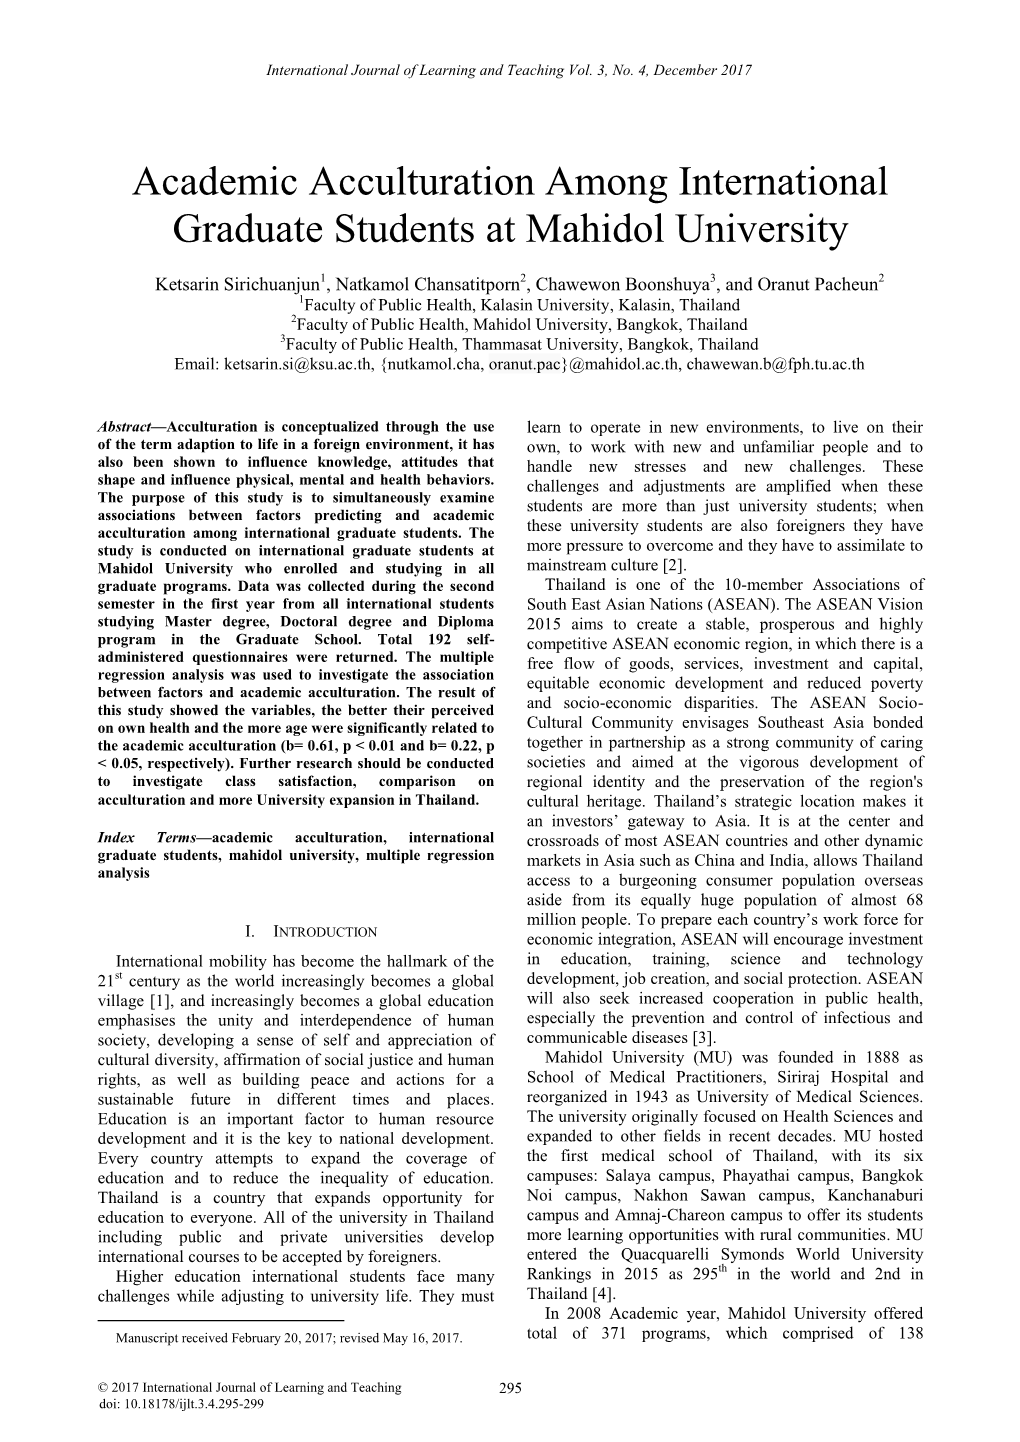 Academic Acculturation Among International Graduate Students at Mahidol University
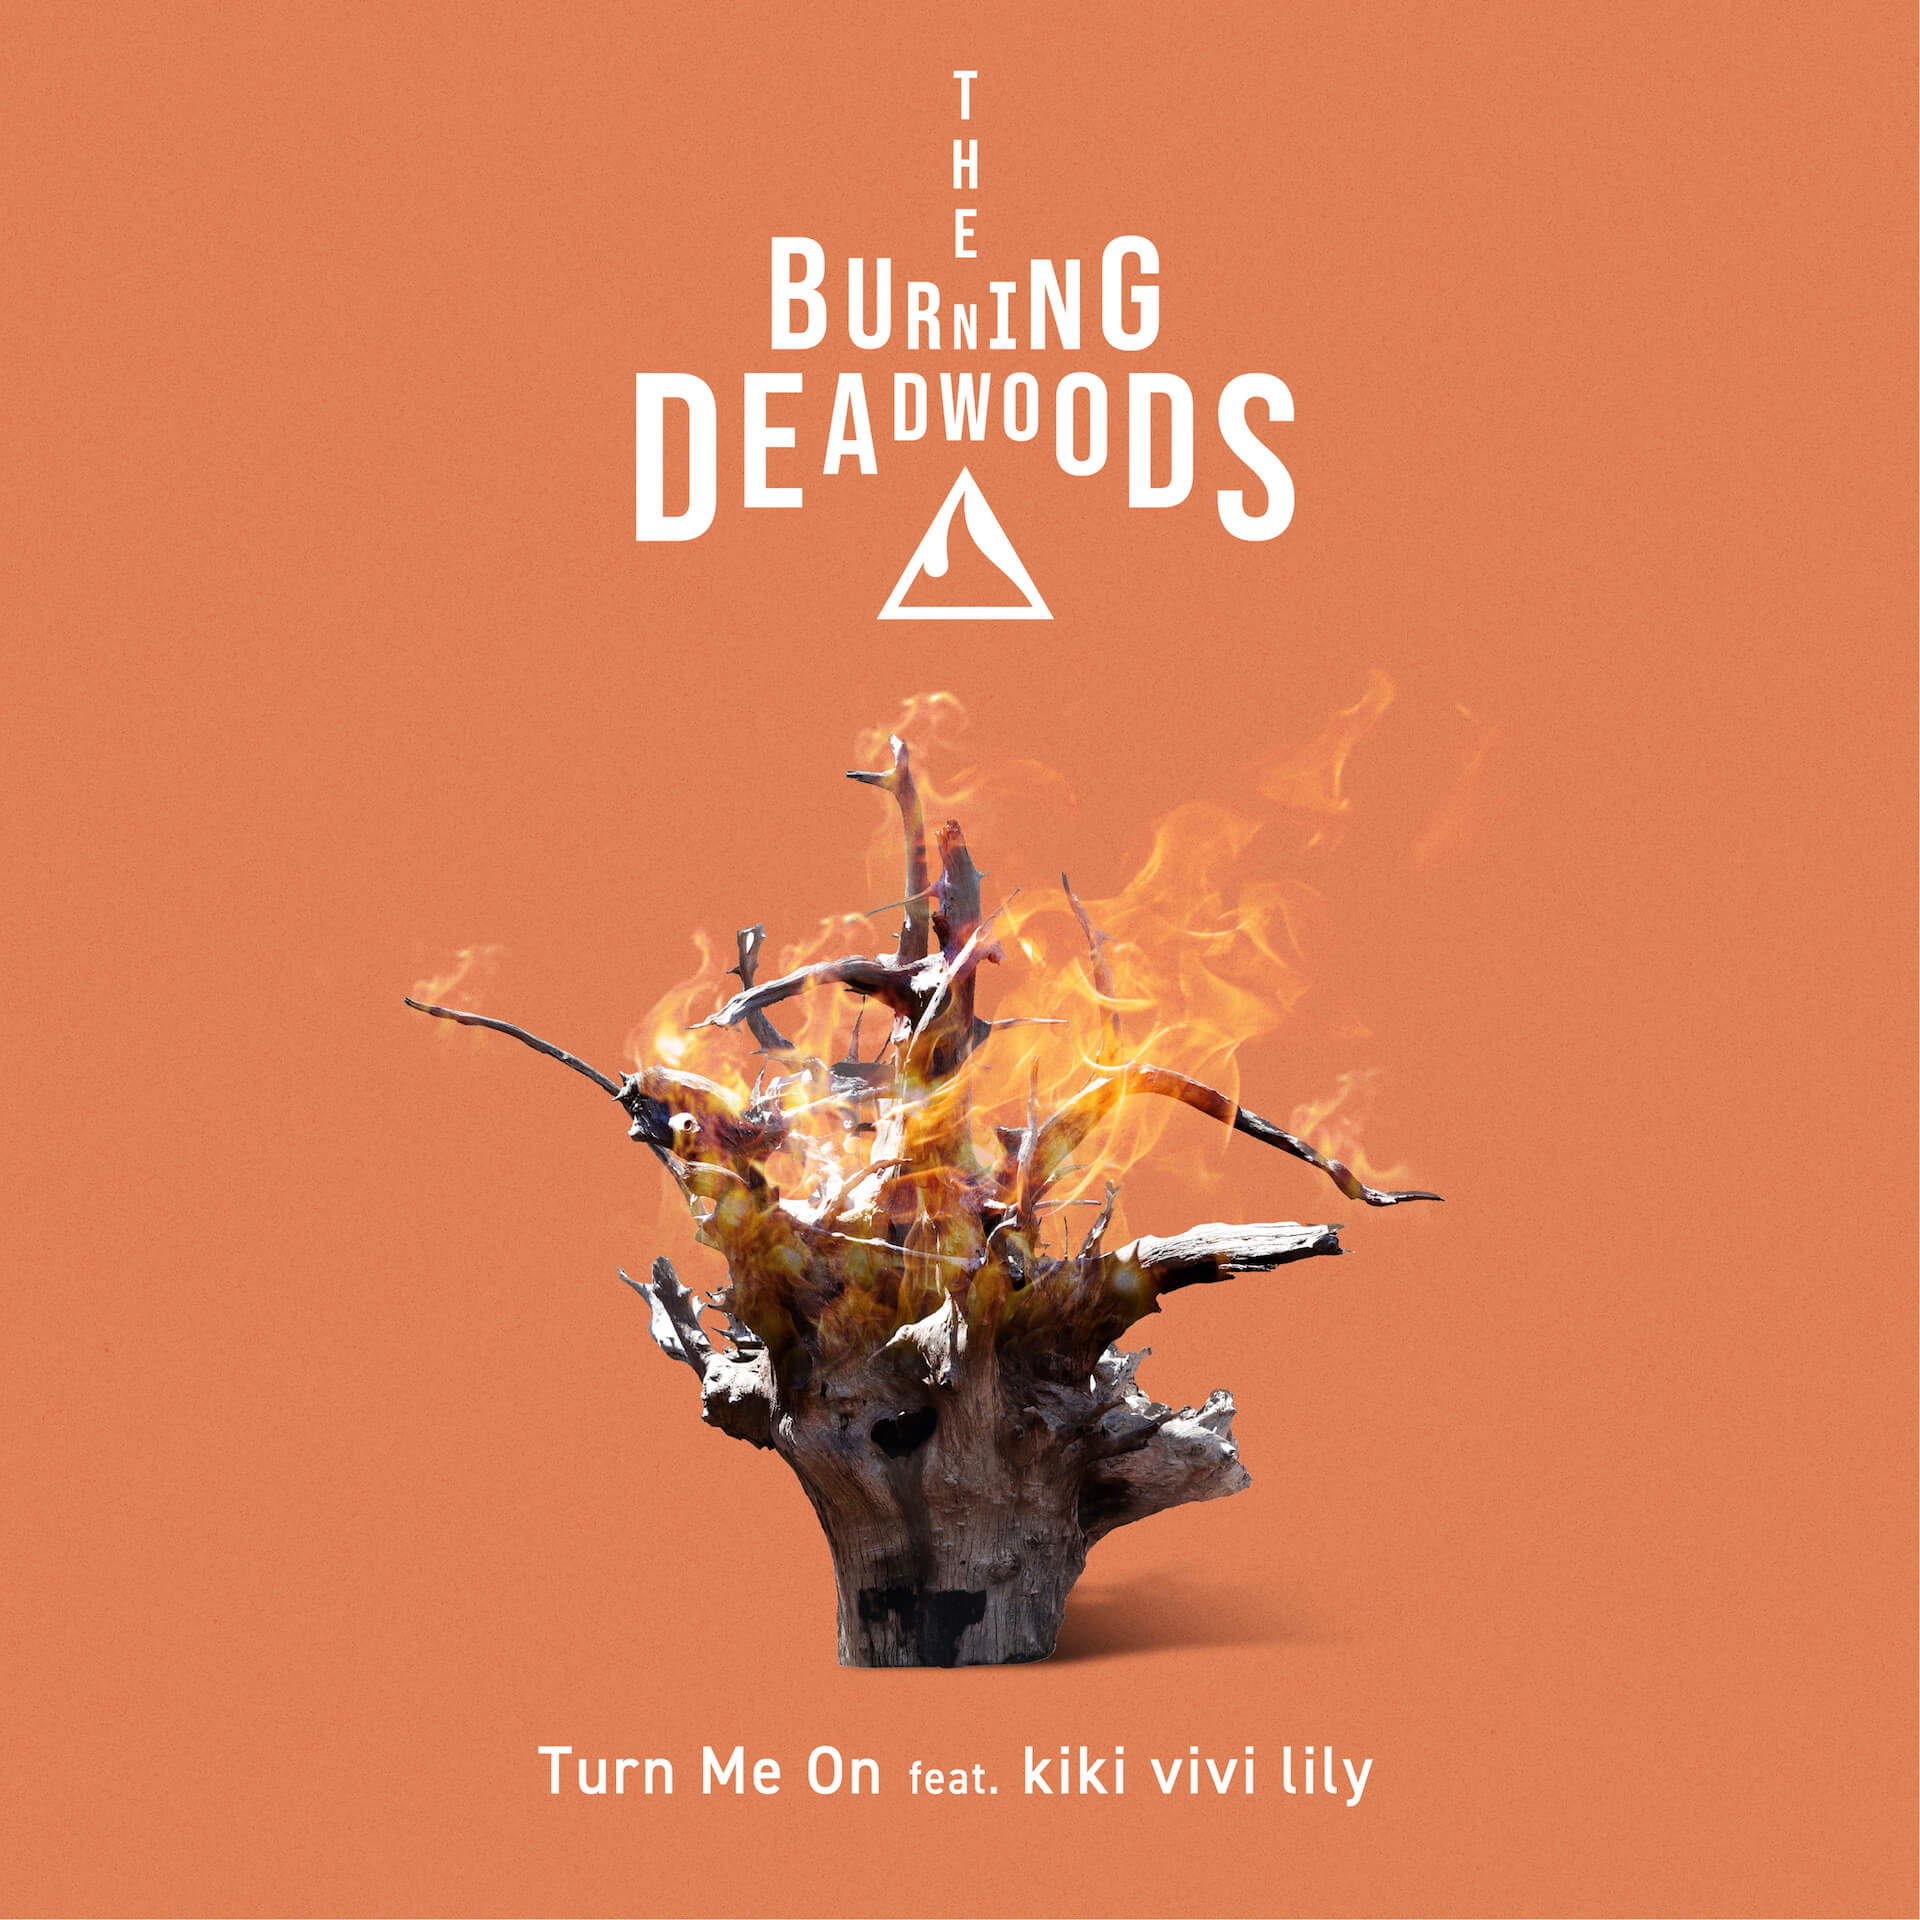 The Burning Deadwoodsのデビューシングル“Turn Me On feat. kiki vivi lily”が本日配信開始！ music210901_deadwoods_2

==

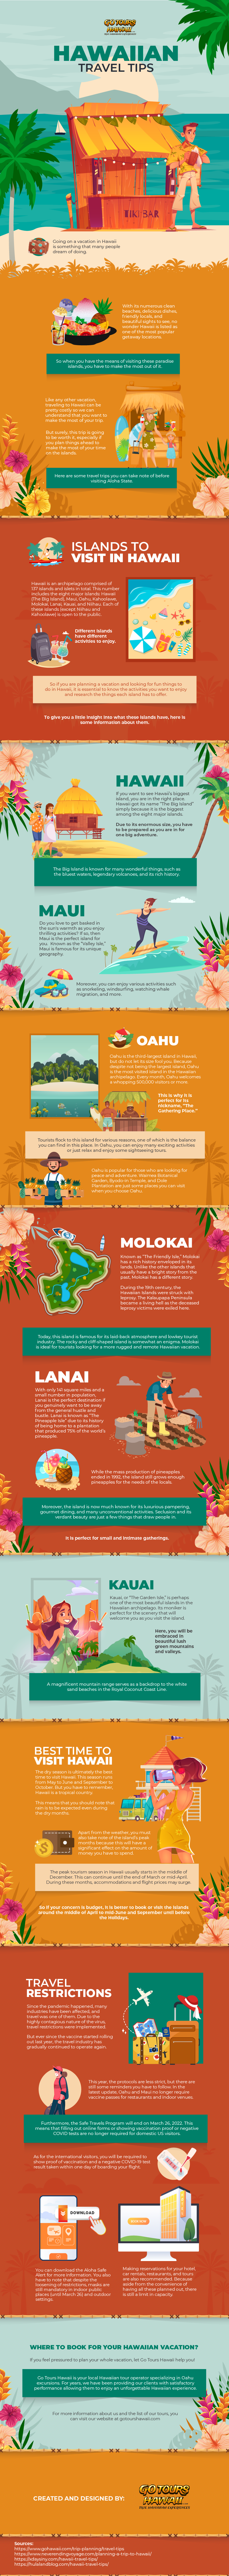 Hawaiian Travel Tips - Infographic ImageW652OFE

» ABOUT THIS EXERCISE
Pictures aside, return exactly the lines from the data above, starting at the line that has "Academic Acculturation Among" and ending at the line that has "Me On feat.", both included.

» ANSWER BOX
 Academic Acculturation Among International Graduate Students at Mahidol University
 The Burning Deadwoodsのデビューシングル“Turn Me On feat. kiki vivi lily”が本日配信開始！ music210901_deadwoods_2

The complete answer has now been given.